Here’s what he ought to do.
1. Come clean.
For 20 years, Armstrong fought longer, yelled louder and sued more people, insisting that he never took performance-enhancing drugs.
So his “confession” must be more specific, more detailed and more comprehensive than any athlete drug transgressor heretofore.
The advance word out of Austin, TX, where the Oprah sit-down takes place Monday, is that Armstrong will, indeed, confess to doping but “not provide much detail.”
A Mark McGwire “half pregnant apology” – where the steroid-taking slugger whined to Bob Costas that it was his “god given ability and hard work” and not drugs that enabled his homers – won’t cut it for Armstrong.
The cycling doper has bullied too many people over the years to expect any remaining reservoir of goodwill. So his confession must be inclusive, i.e. definin"
- When he did drugs.
- How he did them.
- With whom he did them.
- Where he did them.
- And why he lied for so long that he wasn’t a doper.
Anything short of a total explanation will only fan the flames of increased criticism.
Armstrong can’t win by playing “small ball” on his confession.
2. Agree to settle.
Any Armstrong confession will set the cyclist up for enormous claw backs of ill-gotten gains – from sponsors, insurance companies, even newspapers who lost libel cases against him.
This is the price he must pay for cheating.
Some think Armstrong will demur when it comes to acknowledging to Oprah his obligation to pay back money he earned.

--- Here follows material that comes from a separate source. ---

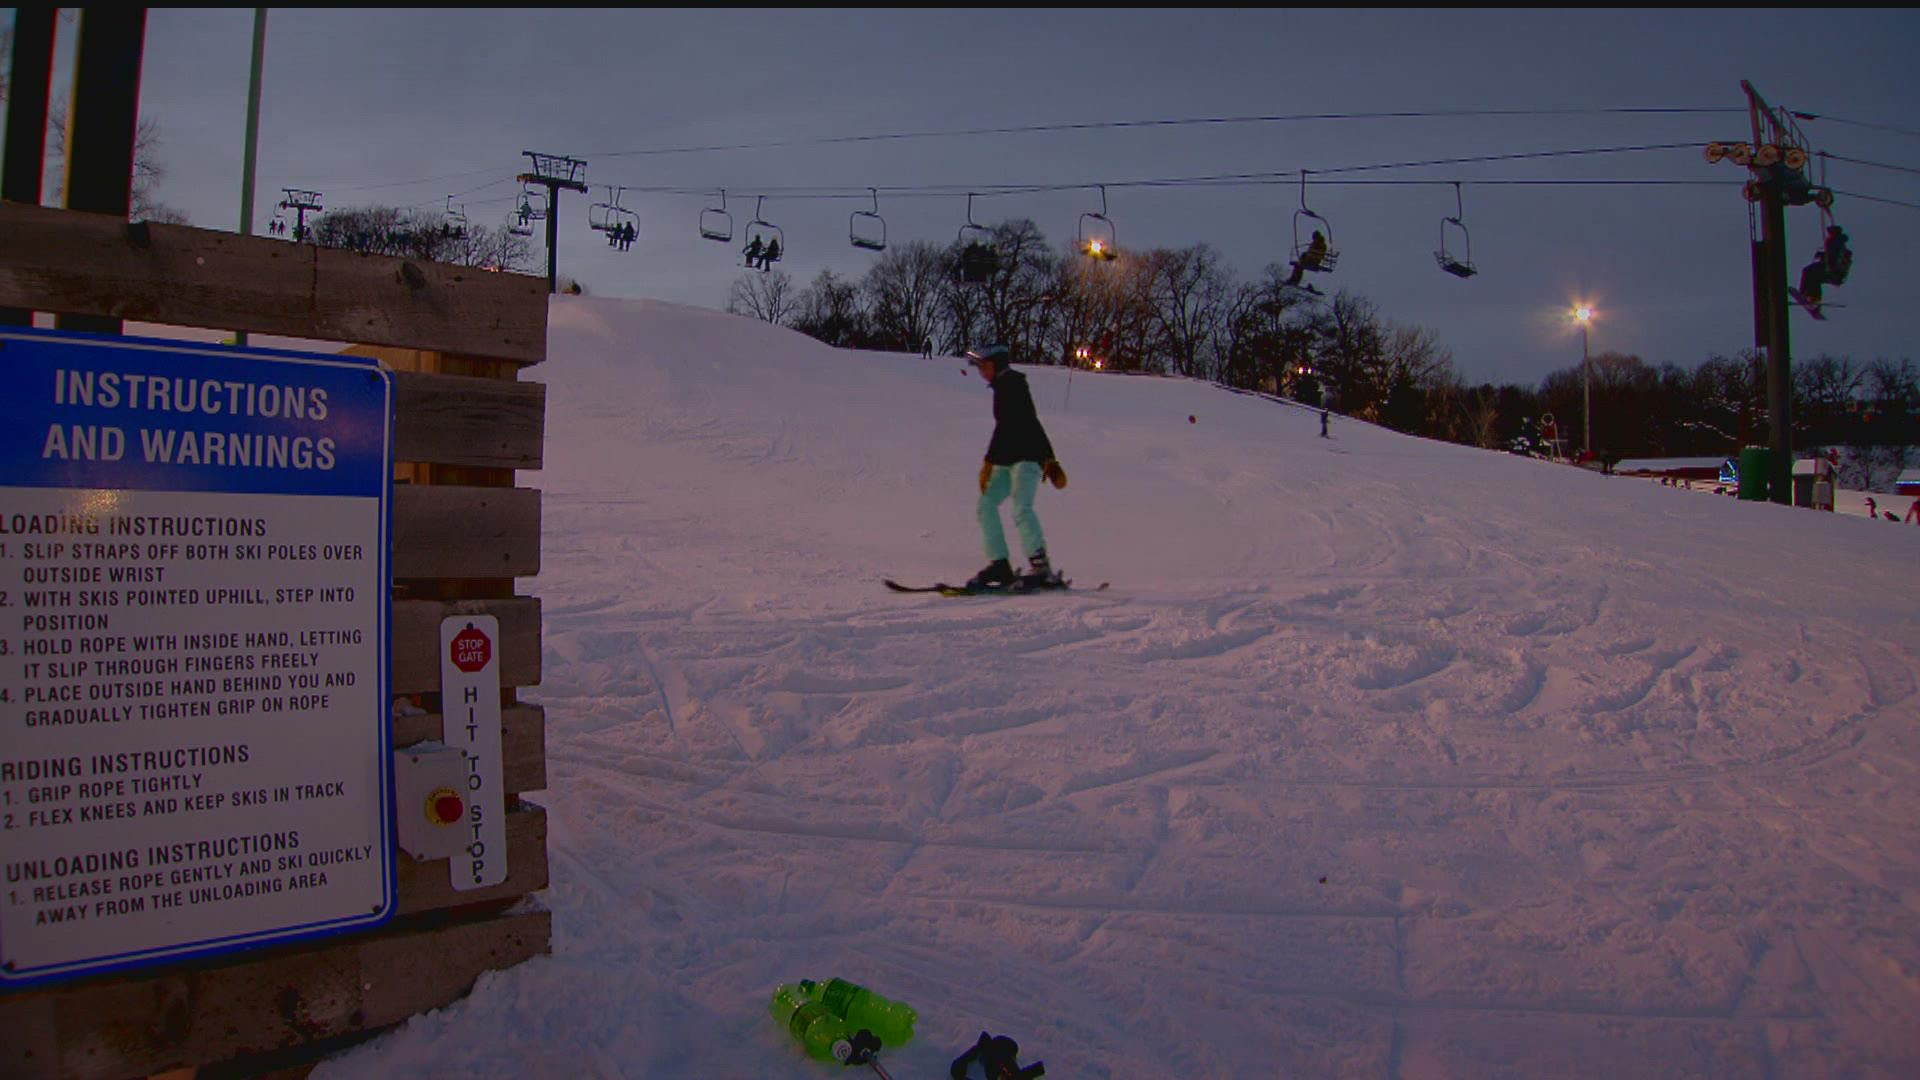 With temps in the 30s, winter activities will be in high demand this week.

Again, this would be the wrong choice.
Were he to preempt the payback discussion by acknowledging guilt and announcing his intention to “work toward settlement,” Armstrong would at least be setting the agenda and even the parameters for settlement discussions.
3. Pledge to work for a solution.
While Lance Armstrong is the most successful and well-known and belligerent of cycling dopers, he obviously wasn’t the sport’s only violator.
It appears that many – if not most – competitive racers took performance enhancing drugs to deal with one of the world’s most taxing endurance tests.
If everybody felt they had to dope to compete, then something is very wrong with cycling.
Beyond his confession and his monetary givebacks, Armstrong should express to Oprah his pledge to work for a solution to cycling’s doping problem.
This kind of “Michael Vick ASPCA solution” might strike cynics as just another Armstrong ploy to curry favor; but there is no denying that cycling has a real problem; affecting its best athletes.
If cycling turns a blind eye to dealing realistically with the doping problem in its midst, it will face a decline in popularity.
Who better to work for a more realistic regulatory regimen than the former king of the sport, himself brought down by doping?
4. Make a comeback.
Reportedly, one reason Armstrong has agreed finally to confess is he wishes to return to competitive Olympic sports and can only accomplish that if his lifetime doping ban is lifted.
Of course at age 41, Armstrong’s road back in triathlons and running events would be iffy, at best.
But America is a forgiving nation and loves a winner. And winning, as they say, “heals all heals.”
It’s a stretch, but Armstrong is a uniquely gifted athlete.
First, though, he must make a full confession to Oprah.